- **What you will do**
The answer must reproduce the listing exactly, with every picture left out.

- **Material provided**
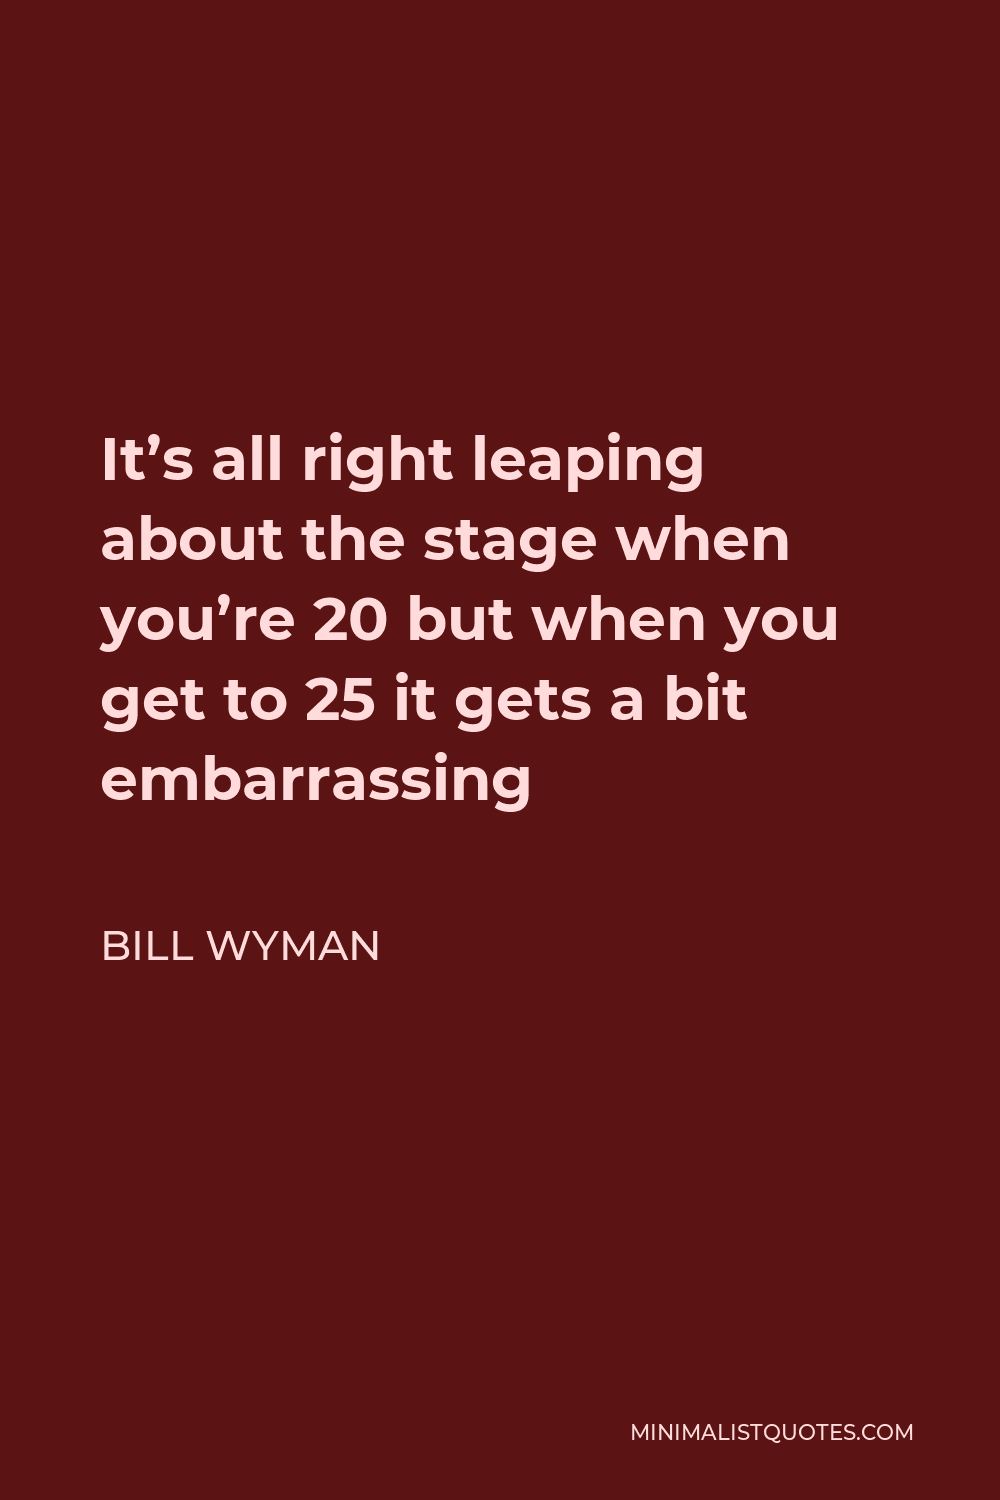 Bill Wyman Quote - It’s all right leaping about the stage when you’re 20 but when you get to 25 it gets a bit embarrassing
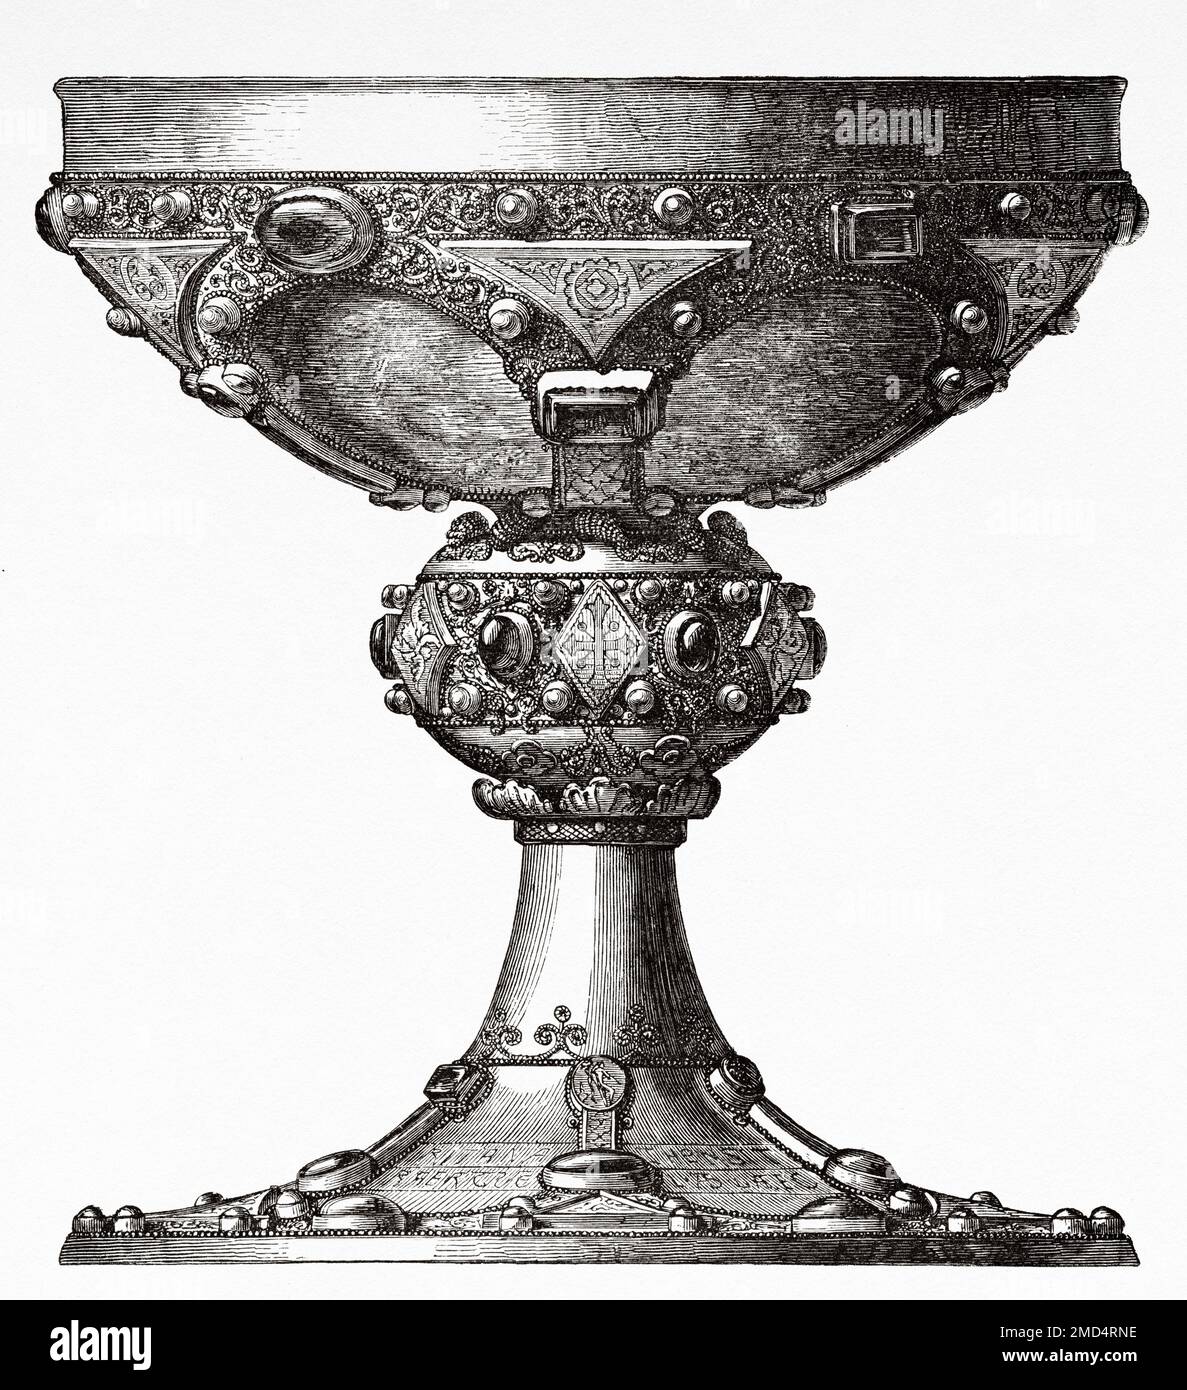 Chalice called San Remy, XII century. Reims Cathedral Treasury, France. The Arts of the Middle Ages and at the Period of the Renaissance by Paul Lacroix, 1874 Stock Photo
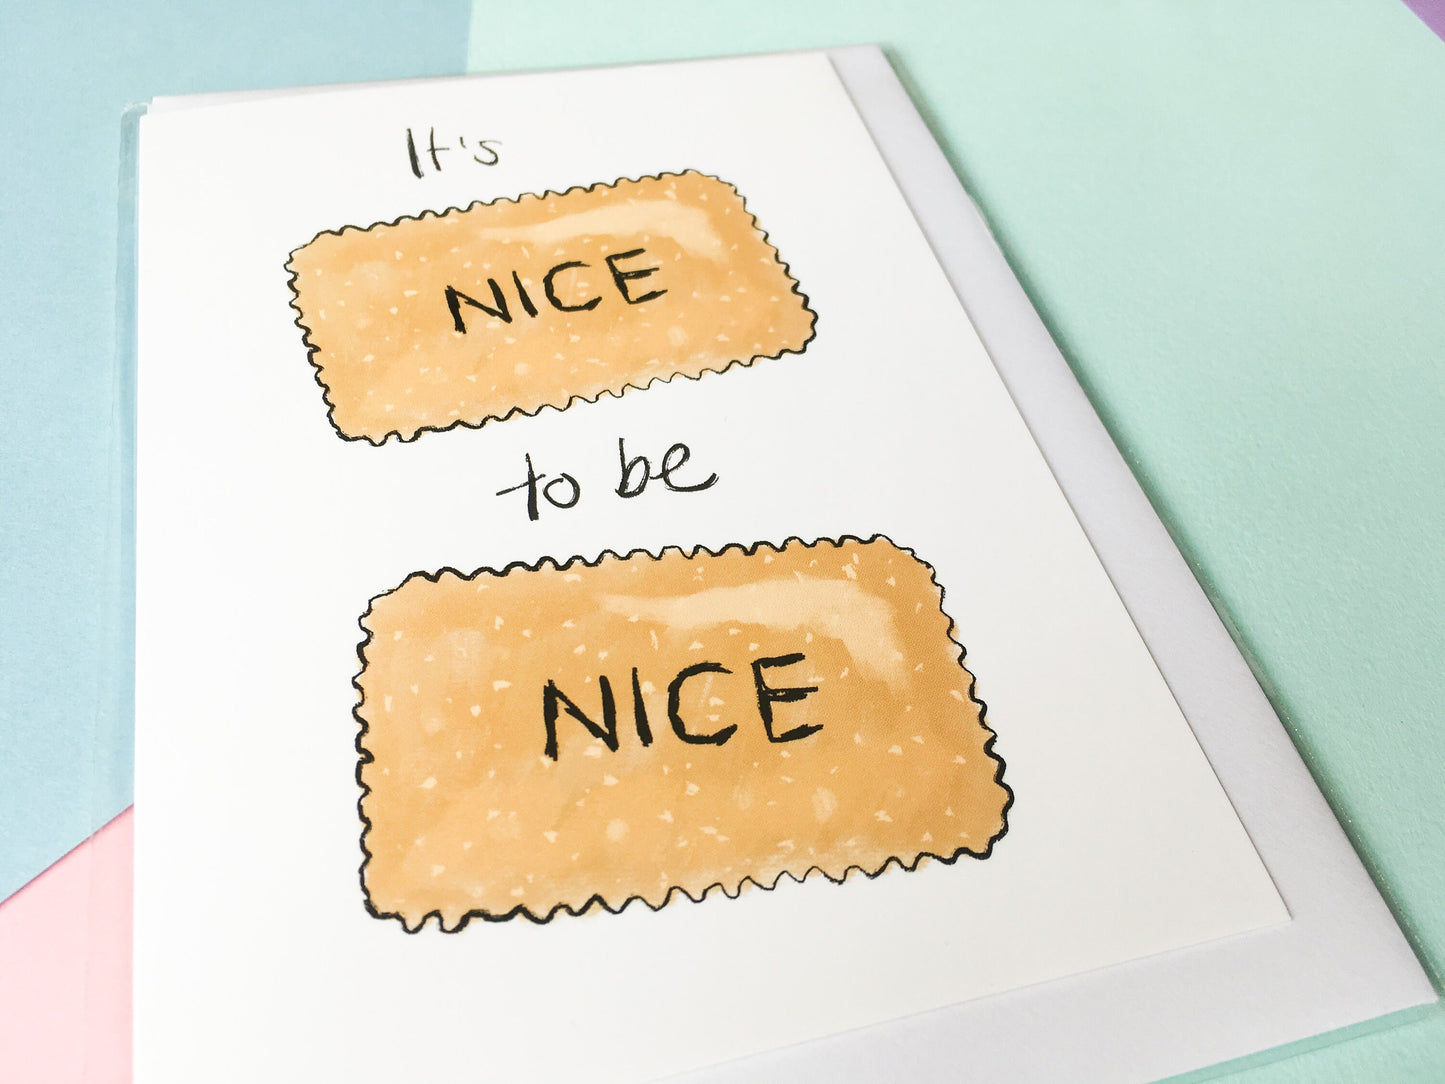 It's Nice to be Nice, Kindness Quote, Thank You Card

- **Solution for this task**
 Bill Wyman Quote - It’s all right leaping about the stage when you’re 20 but when you get to 25 it gets a bit embarrassing
 Chalice called San Remy, XII century. Reims Cathedral Treasury, France. The Arts of the Middle Ages and at the Period of the Renaissance by Paul Lacroix, 1874 Stock Photo
 It's Nice to be Nice, Kindness Quote, Thank You Card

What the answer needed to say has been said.